━━━ Records to process ━━━

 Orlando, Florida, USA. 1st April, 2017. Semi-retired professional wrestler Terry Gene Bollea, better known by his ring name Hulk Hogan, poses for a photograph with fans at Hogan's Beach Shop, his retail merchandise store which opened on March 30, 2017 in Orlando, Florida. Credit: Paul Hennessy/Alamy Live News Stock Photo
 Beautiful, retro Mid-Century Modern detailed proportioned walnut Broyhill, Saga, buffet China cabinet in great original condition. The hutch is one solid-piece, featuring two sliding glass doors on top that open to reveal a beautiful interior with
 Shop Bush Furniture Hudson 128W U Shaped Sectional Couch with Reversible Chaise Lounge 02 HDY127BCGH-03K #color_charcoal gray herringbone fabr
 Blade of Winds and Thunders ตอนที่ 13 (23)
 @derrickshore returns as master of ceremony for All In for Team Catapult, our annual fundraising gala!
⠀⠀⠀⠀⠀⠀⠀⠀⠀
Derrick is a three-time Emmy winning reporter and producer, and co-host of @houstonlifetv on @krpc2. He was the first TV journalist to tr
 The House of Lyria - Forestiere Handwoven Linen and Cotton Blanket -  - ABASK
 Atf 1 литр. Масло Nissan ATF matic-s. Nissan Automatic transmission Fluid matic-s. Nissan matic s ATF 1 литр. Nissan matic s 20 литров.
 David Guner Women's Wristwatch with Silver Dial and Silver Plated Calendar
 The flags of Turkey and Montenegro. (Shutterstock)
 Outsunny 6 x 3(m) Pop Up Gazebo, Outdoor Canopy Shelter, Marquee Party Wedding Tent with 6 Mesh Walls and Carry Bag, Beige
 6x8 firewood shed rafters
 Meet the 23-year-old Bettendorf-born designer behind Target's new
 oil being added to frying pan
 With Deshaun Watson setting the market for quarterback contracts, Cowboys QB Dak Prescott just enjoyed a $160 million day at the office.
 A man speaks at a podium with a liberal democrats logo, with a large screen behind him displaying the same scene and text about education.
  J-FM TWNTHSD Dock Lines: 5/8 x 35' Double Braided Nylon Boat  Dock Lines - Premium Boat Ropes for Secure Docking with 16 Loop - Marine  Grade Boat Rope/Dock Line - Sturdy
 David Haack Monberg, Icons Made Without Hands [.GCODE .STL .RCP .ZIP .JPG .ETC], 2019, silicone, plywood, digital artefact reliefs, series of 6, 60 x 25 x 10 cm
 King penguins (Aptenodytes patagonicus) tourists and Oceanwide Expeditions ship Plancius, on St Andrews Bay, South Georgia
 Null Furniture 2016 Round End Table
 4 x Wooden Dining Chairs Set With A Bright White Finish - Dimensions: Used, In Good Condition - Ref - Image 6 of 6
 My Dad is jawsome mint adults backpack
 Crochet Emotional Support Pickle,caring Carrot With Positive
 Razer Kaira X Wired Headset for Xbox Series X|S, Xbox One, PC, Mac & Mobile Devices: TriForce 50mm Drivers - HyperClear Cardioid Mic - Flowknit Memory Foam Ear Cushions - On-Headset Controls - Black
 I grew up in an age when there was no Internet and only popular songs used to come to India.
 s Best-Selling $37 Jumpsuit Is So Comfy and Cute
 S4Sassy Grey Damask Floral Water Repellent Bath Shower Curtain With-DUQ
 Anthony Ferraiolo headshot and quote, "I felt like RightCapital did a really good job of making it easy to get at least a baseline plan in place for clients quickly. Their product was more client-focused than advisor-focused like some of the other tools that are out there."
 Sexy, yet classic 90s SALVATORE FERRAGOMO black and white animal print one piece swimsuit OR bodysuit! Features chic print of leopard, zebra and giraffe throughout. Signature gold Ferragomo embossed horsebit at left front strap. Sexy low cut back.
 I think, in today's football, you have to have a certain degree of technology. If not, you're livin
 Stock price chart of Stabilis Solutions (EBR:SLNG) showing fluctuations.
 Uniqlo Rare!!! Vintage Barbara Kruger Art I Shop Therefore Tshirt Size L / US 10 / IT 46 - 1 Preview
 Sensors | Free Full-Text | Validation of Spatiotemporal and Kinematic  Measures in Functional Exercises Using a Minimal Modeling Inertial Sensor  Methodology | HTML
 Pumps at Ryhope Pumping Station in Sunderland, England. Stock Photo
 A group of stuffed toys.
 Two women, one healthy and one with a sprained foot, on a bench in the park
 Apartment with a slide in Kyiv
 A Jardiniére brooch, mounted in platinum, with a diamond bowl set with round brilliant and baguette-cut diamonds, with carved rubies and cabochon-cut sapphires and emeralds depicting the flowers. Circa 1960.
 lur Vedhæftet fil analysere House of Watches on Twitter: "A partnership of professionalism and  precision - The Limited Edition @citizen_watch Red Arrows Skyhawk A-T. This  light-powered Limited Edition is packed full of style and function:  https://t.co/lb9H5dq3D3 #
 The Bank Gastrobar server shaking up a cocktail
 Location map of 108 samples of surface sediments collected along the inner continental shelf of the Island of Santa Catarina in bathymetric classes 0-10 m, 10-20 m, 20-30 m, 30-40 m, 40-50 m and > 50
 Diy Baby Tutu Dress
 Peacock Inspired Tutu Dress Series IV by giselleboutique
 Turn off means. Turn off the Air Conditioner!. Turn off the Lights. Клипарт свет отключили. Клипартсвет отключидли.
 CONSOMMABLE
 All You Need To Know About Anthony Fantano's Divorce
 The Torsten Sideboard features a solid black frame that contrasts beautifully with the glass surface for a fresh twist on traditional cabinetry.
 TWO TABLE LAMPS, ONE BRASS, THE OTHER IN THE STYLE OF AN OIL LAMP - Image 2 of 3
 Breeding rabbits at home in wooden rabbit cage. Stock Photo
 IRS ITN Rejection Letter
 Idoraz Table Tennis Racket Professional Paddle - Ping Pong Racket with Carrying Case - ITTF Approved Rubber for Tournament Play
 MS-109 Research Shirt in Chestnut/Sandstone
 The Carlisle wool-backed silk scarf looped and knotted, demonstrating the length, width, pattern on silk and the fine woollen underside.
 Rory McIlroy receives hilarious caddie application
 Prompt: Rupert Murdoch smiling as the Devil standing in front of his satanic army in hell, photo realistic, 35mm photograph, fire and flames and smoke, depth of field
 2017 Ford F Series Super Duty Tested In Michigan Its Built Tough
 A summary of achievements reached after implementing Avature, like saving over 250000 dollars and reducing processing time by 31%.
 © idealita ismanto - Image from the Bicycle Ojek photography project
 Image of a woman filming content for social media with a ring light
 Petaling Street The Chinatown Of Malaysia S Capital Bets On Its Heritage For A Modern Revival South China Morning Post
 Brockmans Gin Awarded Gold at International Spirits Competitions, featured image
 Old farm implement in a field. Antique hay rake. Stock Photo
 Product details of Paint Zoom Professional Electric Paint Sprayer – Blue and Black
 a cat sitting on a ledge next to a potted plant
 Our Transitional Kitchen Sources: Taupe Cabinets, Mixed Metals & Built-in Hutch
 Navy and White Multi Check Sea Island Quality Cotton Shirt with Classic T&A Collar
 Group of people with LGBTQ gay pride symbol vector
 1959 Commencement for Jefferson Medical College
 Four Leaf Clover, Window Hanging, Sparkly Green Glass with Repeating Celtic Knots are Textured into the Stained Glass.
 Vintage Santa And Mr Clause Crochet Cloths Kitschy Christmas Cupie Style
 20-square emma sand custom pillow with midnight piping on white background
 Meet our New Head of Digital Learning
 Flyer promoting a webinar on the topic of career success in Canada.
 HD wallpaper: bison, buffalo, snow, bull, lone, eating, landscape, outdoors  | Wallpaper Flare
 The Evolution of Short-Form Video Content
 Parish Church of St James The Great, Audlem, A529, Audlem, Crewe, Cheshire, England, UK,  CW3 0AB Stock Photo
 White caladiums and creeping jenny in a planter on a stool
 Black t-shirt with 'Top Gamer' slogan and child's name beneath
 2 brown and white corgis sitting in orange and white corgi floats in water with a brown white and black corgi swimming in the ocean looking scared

━━━

#### Task brief
Using the data above, repeat exactly the lines that begin at the line with "Prompt: Rupert Murdoch" and end at the line with "1959 Commencement for", both ends included.

#### Exercise answer
 Prompt: Rupert Murdoch smiling as the Devil standing in front of his satanic army in hell, photo realistic, 35mm photograph, fire and flames and smoke, depth of field
 2017 Ford F Series Super Duty Tested In Michigan Its Built Tough
 A summary of achievements reached after implementing Avature, like saving over 250000 dollars and reducing processing time by 31%.
 © idealita ismanto - Image from the Bicycle Ojek photography project
 Image of a woman filming content for social media with a ring light
 Petaling Street The Chinatown Of Malaysia S Capital Bets On Its Heritage For A Modern Revival South China Morning Post
 Brockmans Gin Awarded Gold at International Spirits Competitions, featured image
 Old farm implement in a field. Antique hay rake. Stock Photo
 Product details of Paint Zoom Professional Electric Paint Sprayer – Blue and Black
 a cat sitting on a ledge next to a potted plant
 Our Transitional Kitchen Sources: Taupe Cabinets, Mixed Metals & Built-in Hutch
 Navy and White Multi Check Sea Island Quality Cotton Shirt with Classic T&A Collar
 Group of people with LGBTQ gay pride symbol vector
 1959 Commencement for Jefferson Medical College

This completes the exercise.